Deminden beri çocuk diyerek andıklarım, çocukluğu geride bırakalı çok olmuş, aklı başında yetişkinlerdir. Peki, niye hâlâ “çocuk” deyip duruyorum? Bunu açıklamak gerekebilir. Ben daha uzun yaşamış durumdayım; dolayısıyla, sevdiklerimin çoğu “çocuk” denebilecek kadar genç yaştalar ya da bana öyle geliyor! Bir bu. Ayrıca, “çocuklar” diye seslenmenin güzelliğine oldum olası tutkunumdur. Bir de bu. Yoksa, Kemal Paşa özentisi neyim sanılmasın!

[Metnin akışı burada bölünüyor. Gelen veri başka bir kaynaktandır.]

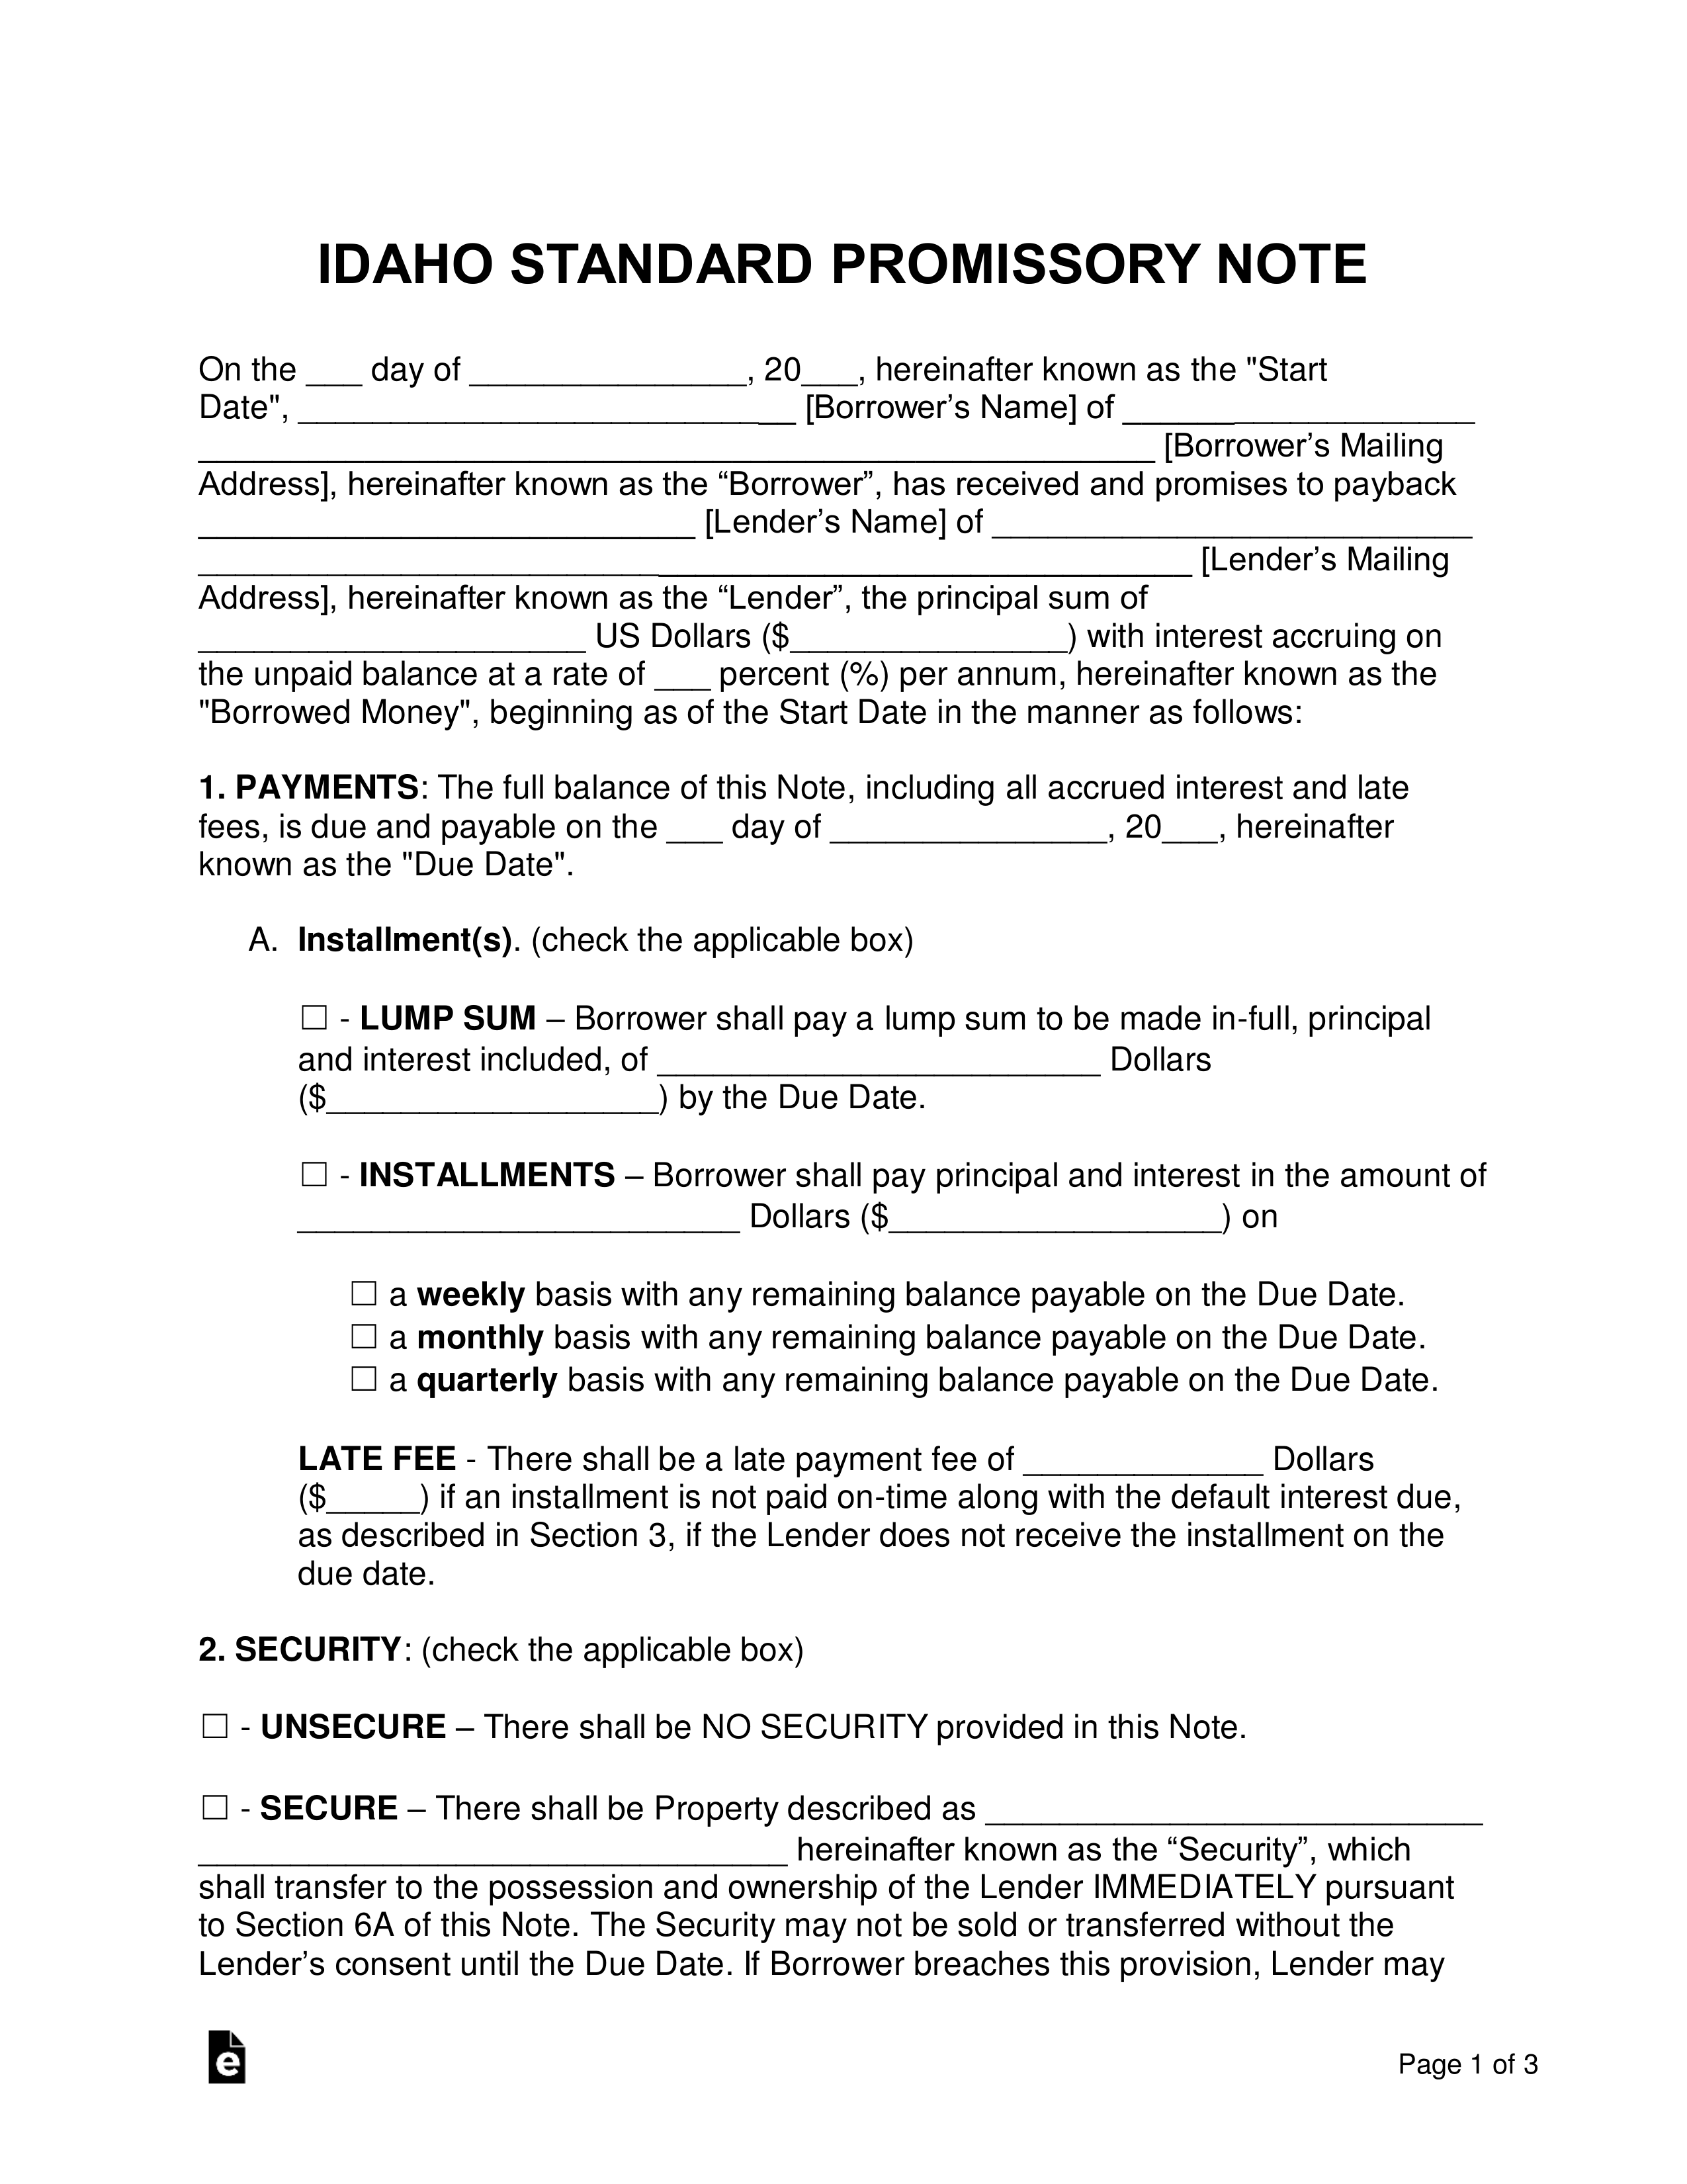 Idaho Promissory Note Templates (2)

Söz uzadıkça uzadı, neden dağcılık karşıtlığından bir türlü vazgeçemediğimi açıkça yazmadım hâlâ. Gereğince örgütlenememenin, buna bağlı eksiklerin, yanı sıra, belki de, kötü rastlantıların cezasının kabul edilemez ağırlıkta olduğuna değinmiştim yukarıda. Nedeni budur. 

İyi insanlar kolay yetişmiyor. Komünist olanlarıysa daha da büyük güçlüklerle yetişebiliyorlar. Onlardan mücadele niyetinde ve gücünde olanların, kim ne derse desin, “yok yere” yitip gitmelerine nasıl göz yumulabilir?

“Ne faydacı bir yaklaşım!” diye eleştirenler bulunacaktır mutlaka. Canları sağ olsun. Öne çıkarmaya çalıştığımız kişisel fayda olmadığına göre, alınmak gerekmez. 

____________________________________

Yoldaşım, arkadaşım, kız kardeşim İnci Akalın aramızdan göçtü. Ayaklarım söz dinlemedi, toprağa verilişine tanıklık etmeye gidemedim. Sevgiyle anıyorum şimdi, hep öyle olacak. Yaşama coşkusunu hiç yitirmeyen görüntüsüyle kalacak belleğimde.